El árbitro perfecto viste saco y corbata, sale en televisión, nunca se despeina y siempre tiene la razón.
Cuando no dicta justicia detrás de cámaras, lo hace en la sala, en el bar, en el taxi. El árbitro perfecto tiene cualquier otro oficio, pero es juzgando decisiones ajenas en lo que nunca falla. Si usted no es todavía uno de ellos, haga la prueba en casa.
El árbitro perfecto sentencia de buenas a primeras. No importa si falla; siempre puede echar un vistazo a la repetición, la cámara lenta y el acercamiento, hasta estar seguro de lo que dejó pasar el ciego, vendido o incapaz árbitro imperfecto -el que de verdad está en la cancha-.

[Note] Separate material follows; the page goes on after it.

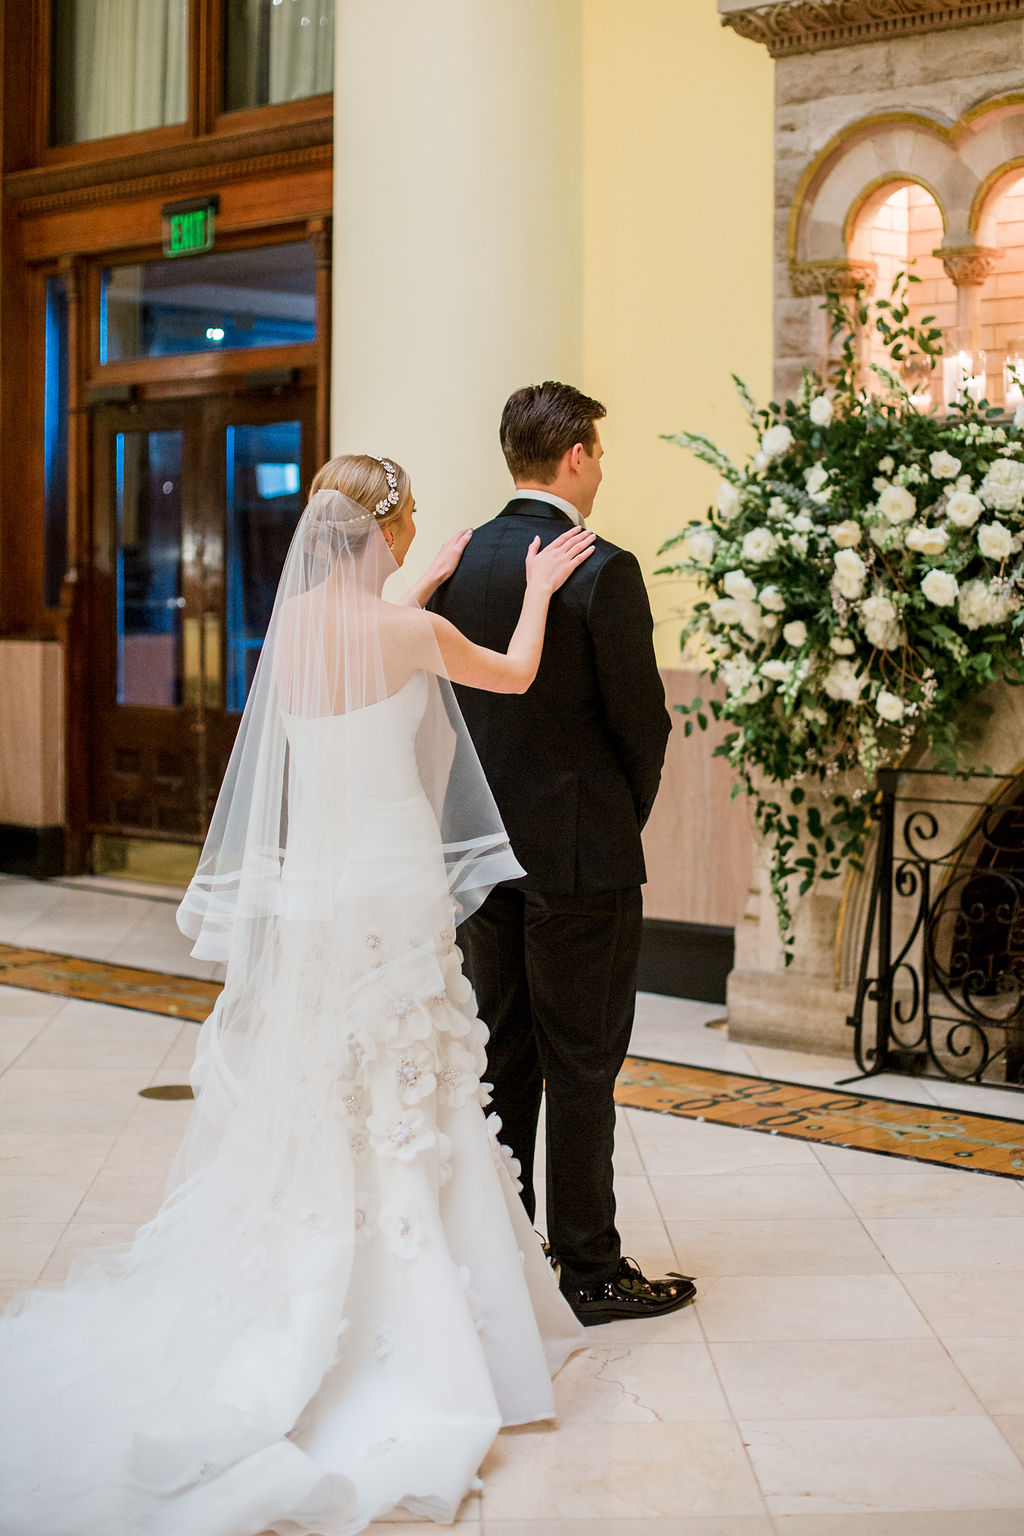 Wedding first look photography: Lavish Union Station Hotel Wedding featured on Nashville Bride Guide

El árbitro perfecto es tan bueno, tan bueno, que también es guardalíneas. Ahí tampoco falla, ni siquiera en esa norma al parecer pensada para propiciar el error, la injusticia y la polémica. Si ese era el objetivo con la posición prohibida y la forma de señalarla, sus inventores dieron en el clavo. Habrá error. Habrá polémica. Sigo sin entender cómo una persona debe mirar simultáneamente la salida del pase y la posición del atacante que va a recibirlo (en ocasiones con muchos metros de distancia entre uno y otro). Me hablarán los entendidos de la “visión periférica”, pero hay jugadas en las que no saldría bien librado ni un pez vaca, capaz de mirar hacia un lado con un ojo y hacia donde le dé la gana con el otro.

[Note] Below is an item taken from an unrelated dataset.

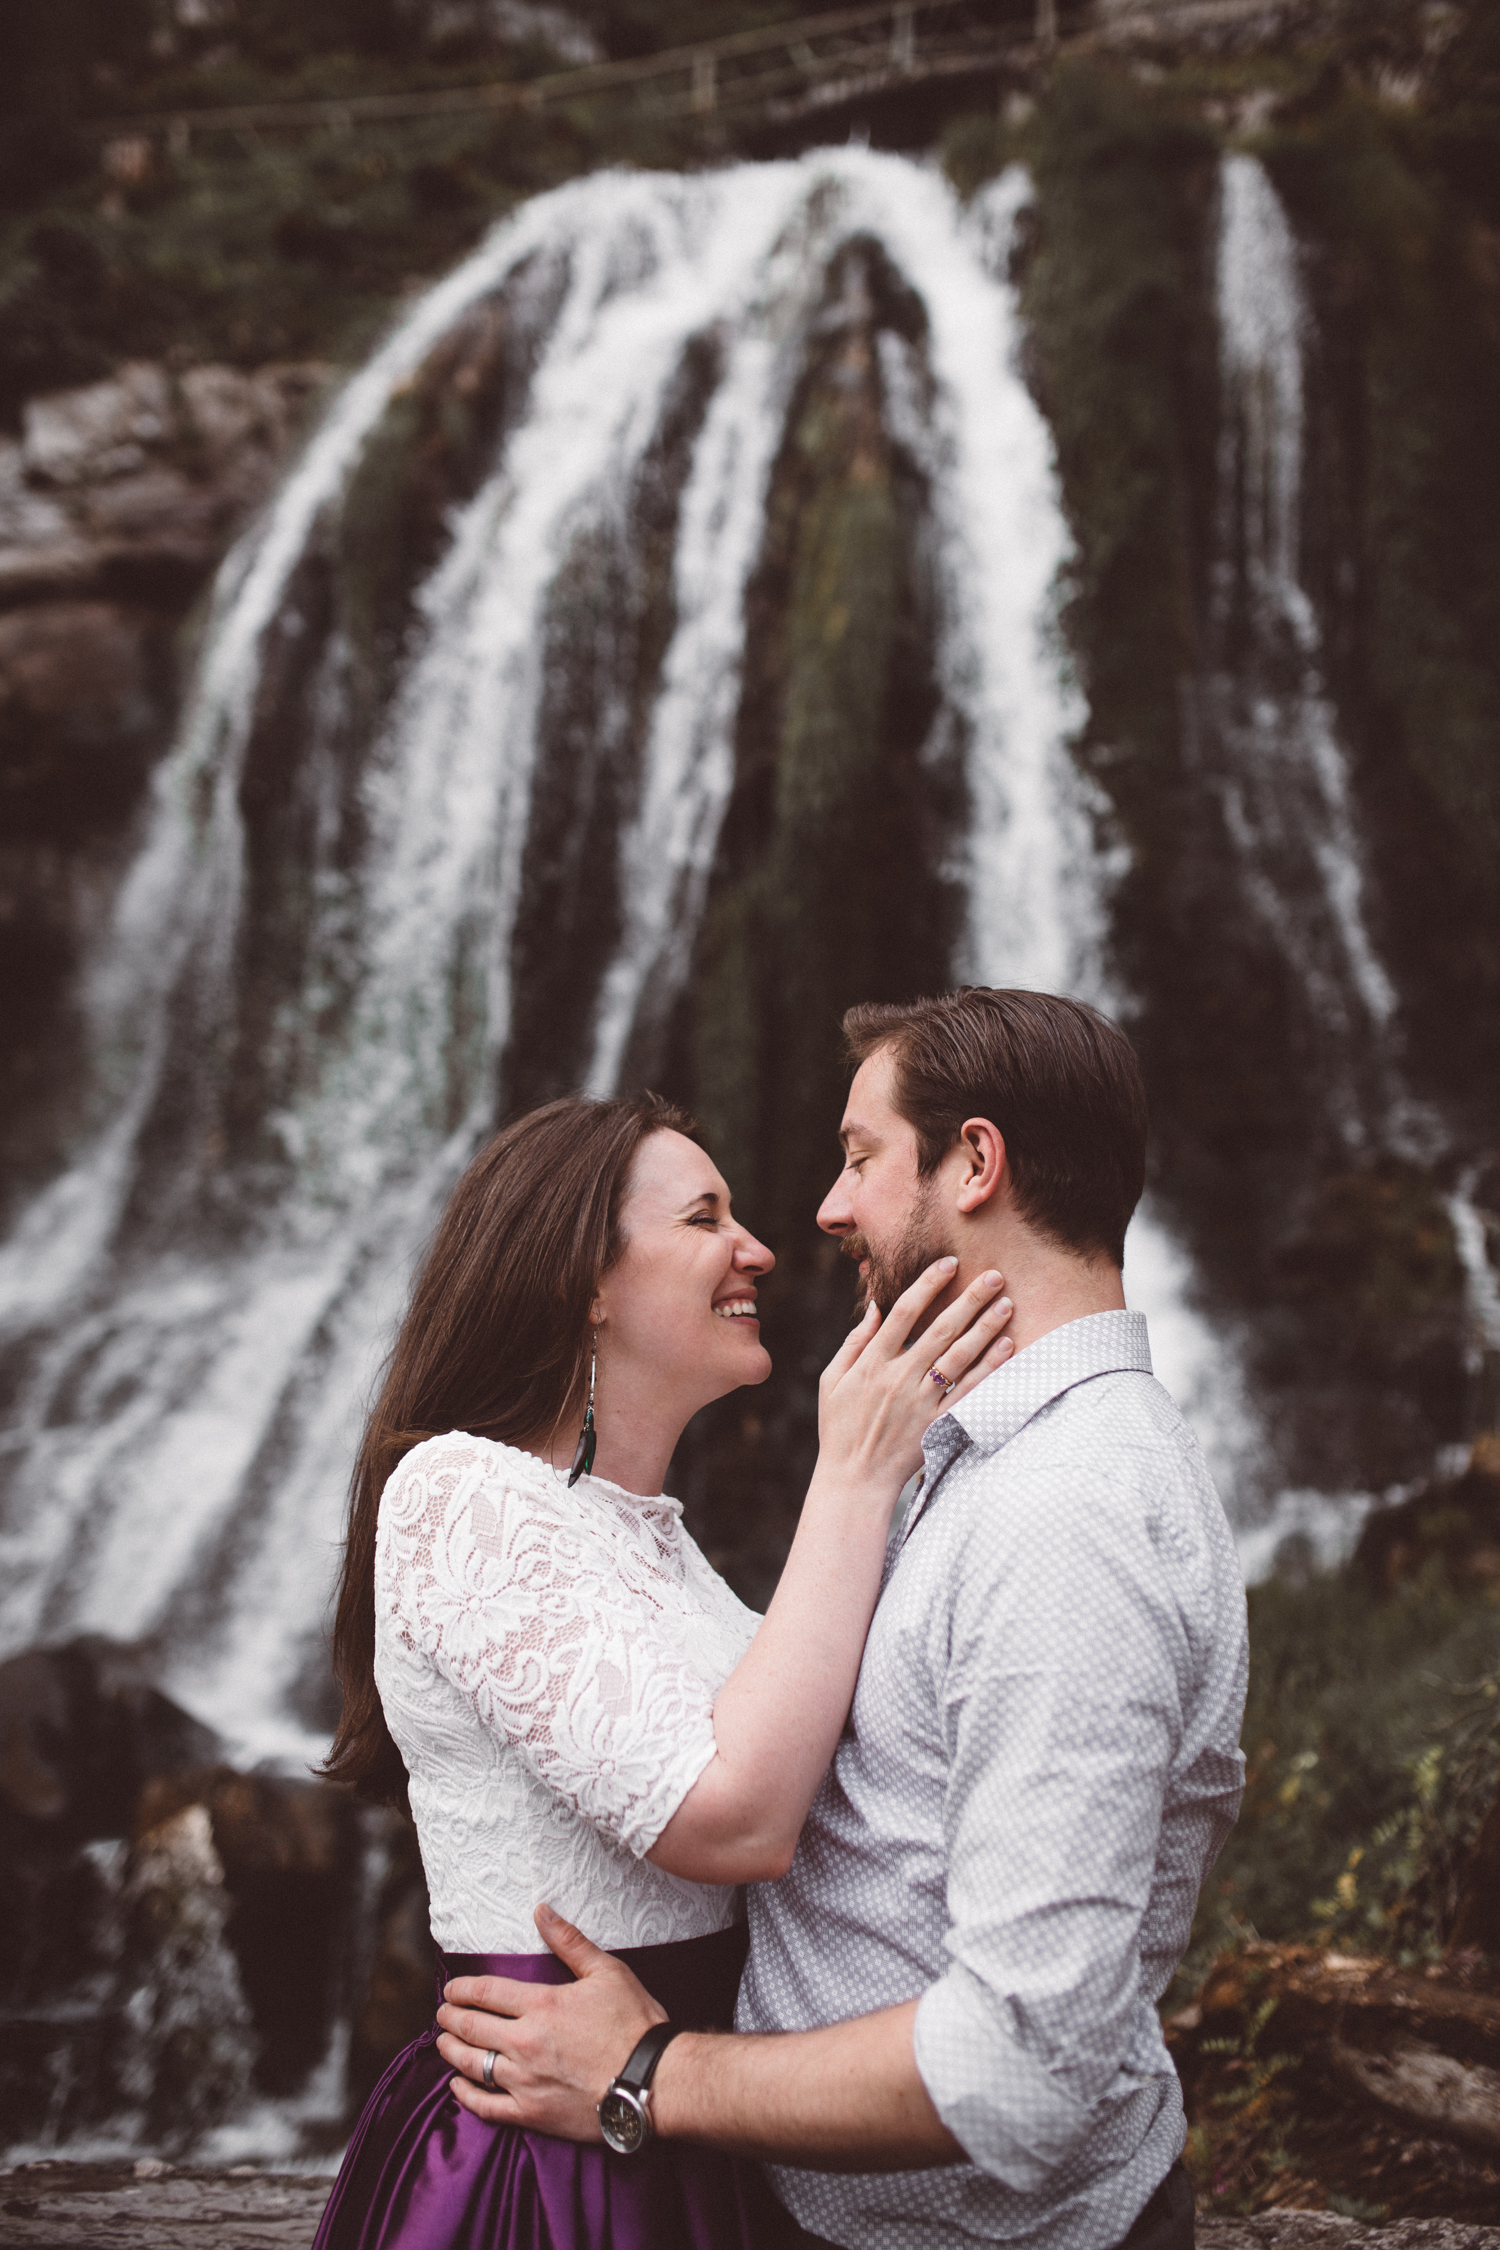 kdp_courtney&sean_wed_web-78.jpg

¡Vaca! -le gritarán en cambio al que viste de negro al borde de la línea lateral-. ¿Dije vaca? Estoy pecando de decente.
El hombre de la banderola es el mártir por excelencia. El árbitro, al menos, puede esconderse de vez en cuando en la llanura del mediocampo. Al guardalíneas, en cambio, le recuerdan al oído a su madre, a su abuela, a su tía, a su hermana... Le lanzan monedas para el pan y algún escupitajo por si hace calor.

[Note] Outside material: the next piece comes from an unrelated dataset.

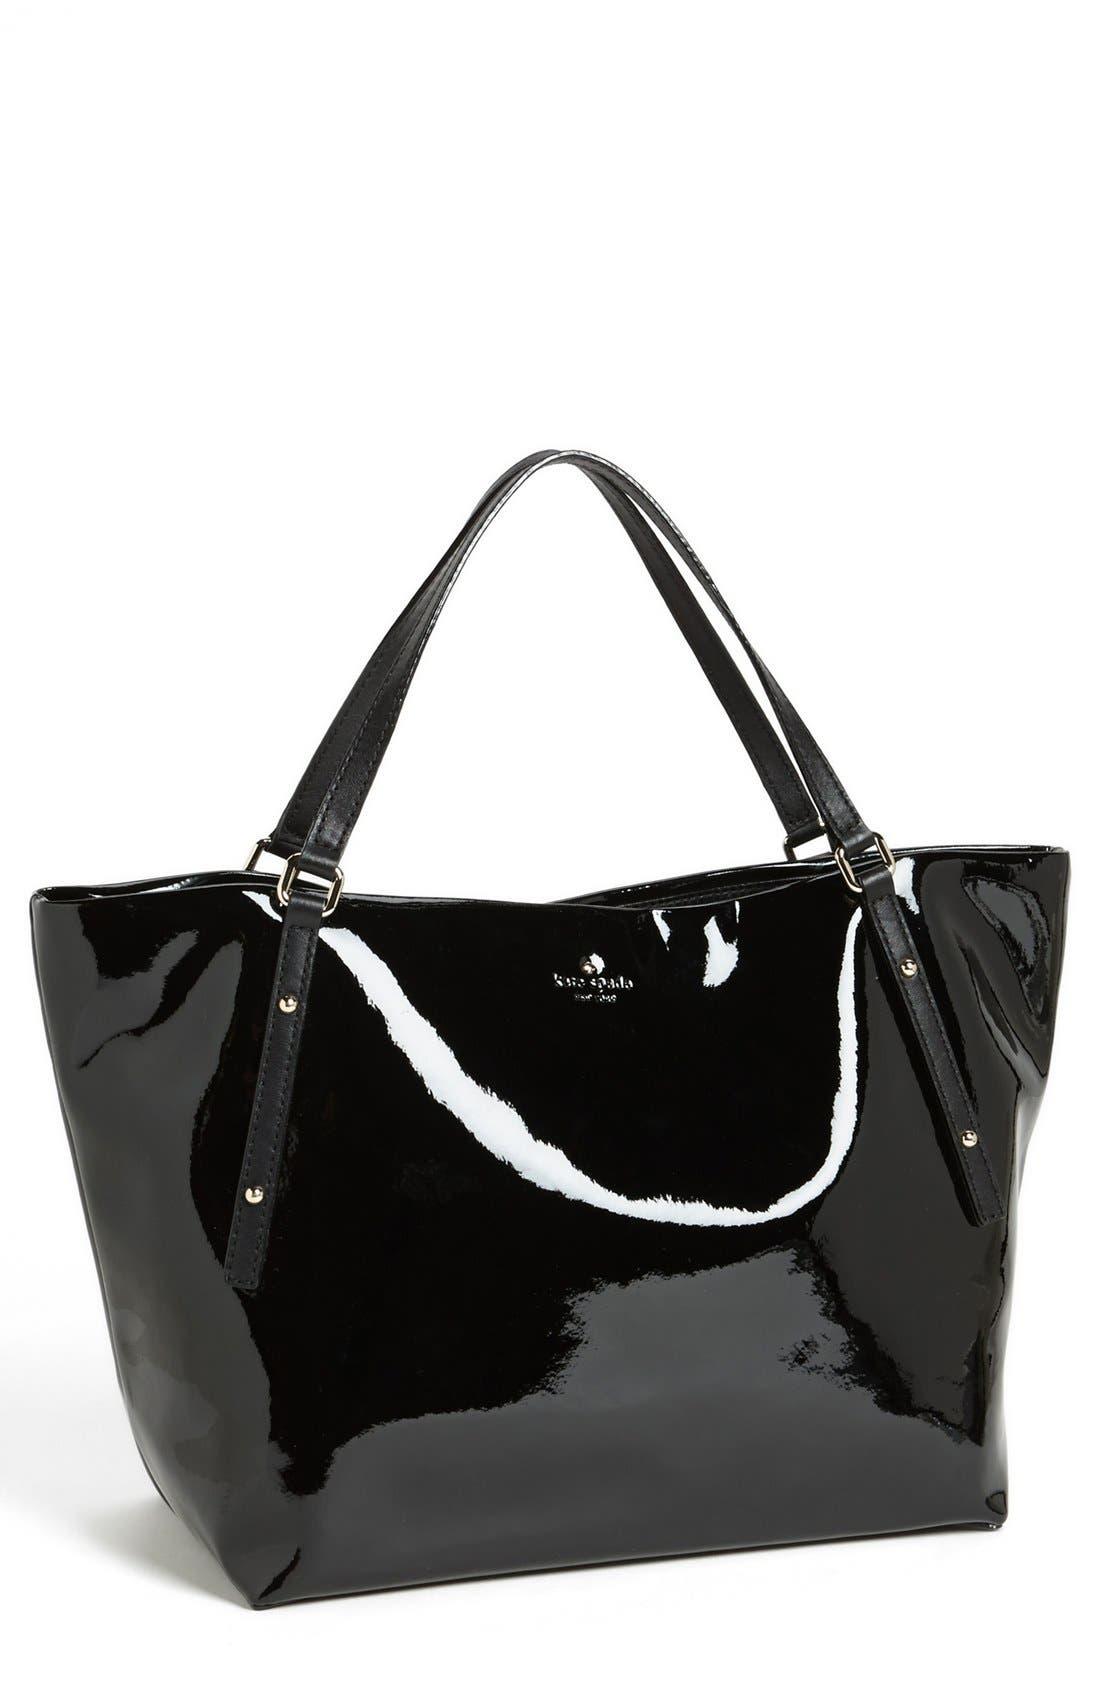 'jackson square - sophie' patent leather tote, large,                             Main thumbnail 1, color,                             001

Madreado en el estadio, lapidado por los analistas, malformado por el sistema, no extraña que se convierta pronto en especie en peligro de extinción. Cada vez hay menos en el país, según un artículo de La Nación publicado esta semana. Nadie quiere ser odiado.
El árbitro perfecto, en cambio, puede vivir tranquilo. Su mamá es una santa, su perro no le ladra después del partido y su vecino no le vuelve la cara. Algunas veces corre el riesgo de ganarse antipatías -precisamente por infalible- pero siempre sale con la frente en alto, sin entender cómo fallan los otros.
Los demás árbitros son imperfectos. Cuidado: tampoco abusen, como últimamente.